At least 35 killed in China train crash

A bullet train crashed into another high-speed train in eastern China, killing at least 35 people, injuring 191 others and once again raising safety concerns about the country's fast-expanding rail network.

The first train was traveling south from the Zhejiang provincial capital of Hangzhou yesterday evening when it lost power in a lightning strike and stalled, before being hit from behind by the second train in Wenzhou city, the official Xinhua News Agency said.



The first four carriages of the moving train fell about 65 to 100 feet (20 to 30 meters) off the viaduct onto the ground below. One carriage ended up in a vertical position, leaning against the viaduct.



The Ministry of Railways said in a statement on Sunday that the first four carriages of the moving train and the last two carriages of the stalled train derailed.



It was the first derailment on China's high-speed rail network since the country launched bullet trains with a top speed of 155 miles (250 kilometers) per hour in 2007, the China Daily reported.



It is an embarrassment for China, which plans to massively expand its bullet train network to link together its far-flung regions and show off its rising wealth and technological prowess.

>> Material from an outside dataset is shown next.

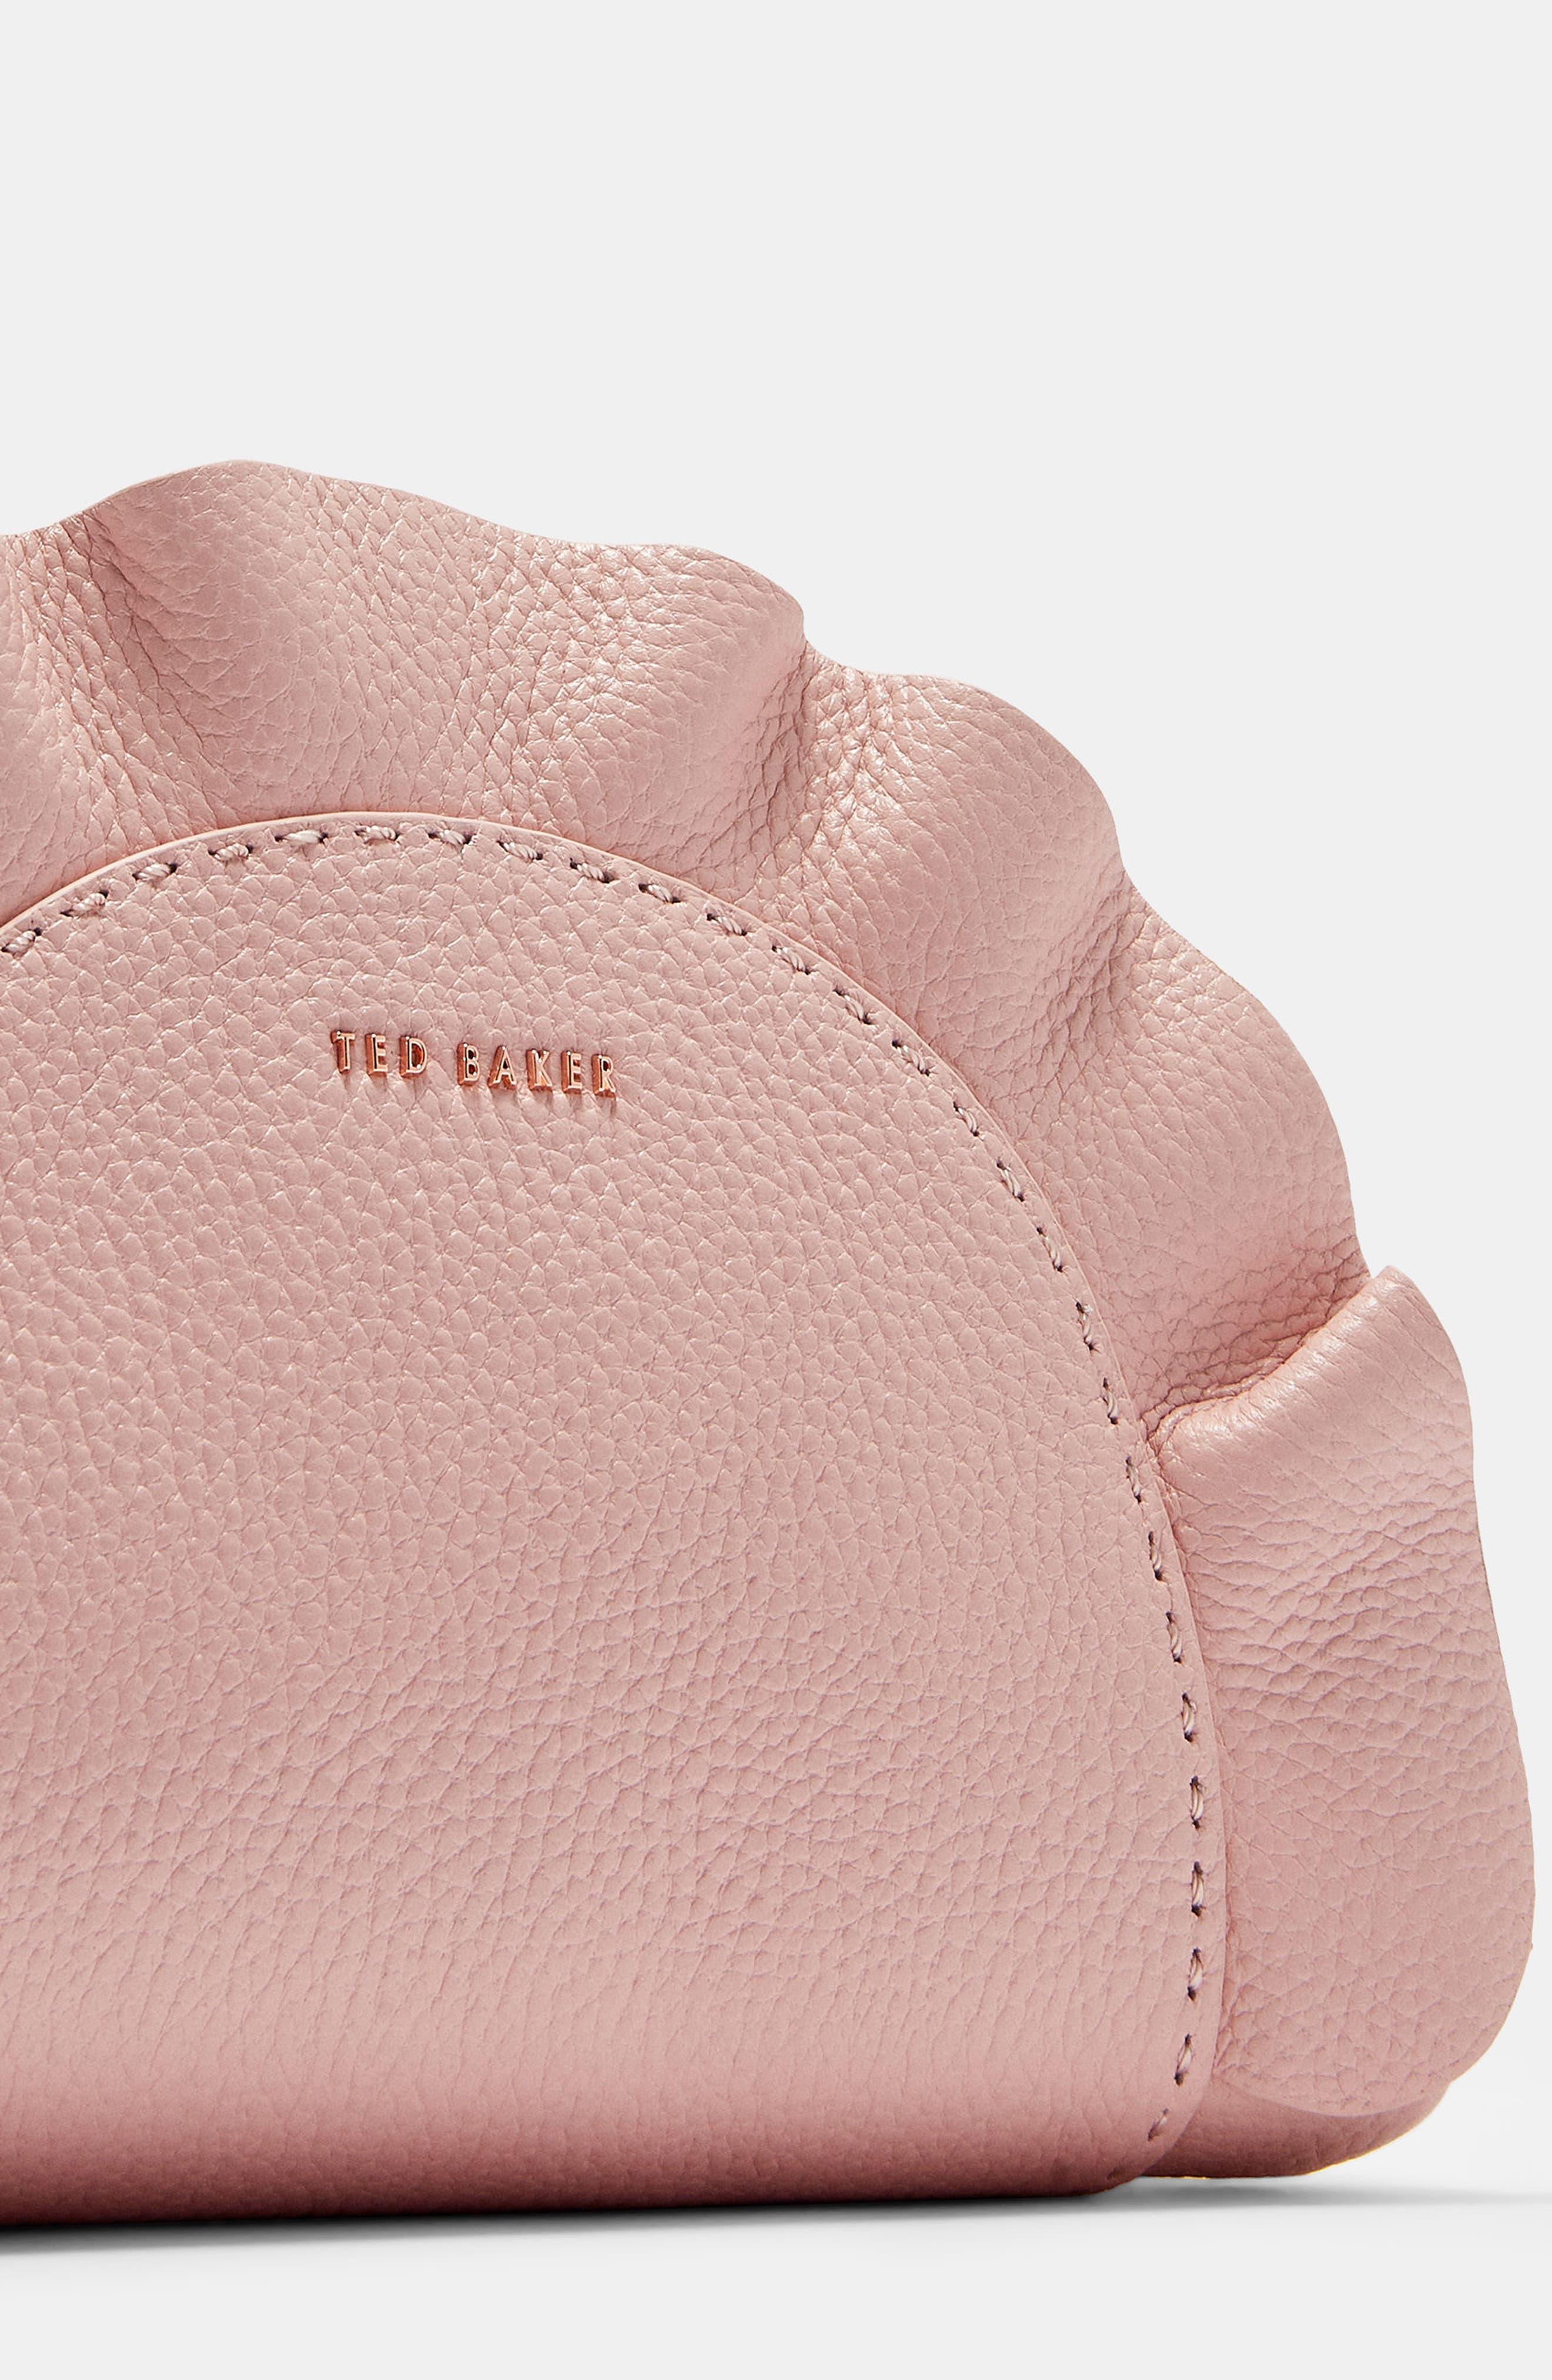 Ruffle Half Moon Leather Crossbody Bag,                             Alternate thumbnail 5, color,                             Light Pink

It is also trying to sell its trains to Latin America and the Middle East.



Last month, it launched to great fanfare the Beijing to Shanghai high-speed line, whose trains can travel at a top speed of 186 miles (300 kilometers) per hour. The speed was cut from the originally planned 217 mph (350 kph) after questions were raised about safety.



In less than four weeks of operation, power outages and other malfunctions have plagued the showcase 820-mile (1,318-kilometer) line. The Railways Ministry has apologized for the problems and said that summer thunderstorms and winds were the cause in some cases.



A total of 35 people died in Saturday's accident, including two foreigners, whose nationalities were unclear, said an official surnamed Wang in the Zhejiang provincial emergency office. A further 191 people were being treated at hospitals, said Wang, who gave only his surname, as is common with Chinese officials.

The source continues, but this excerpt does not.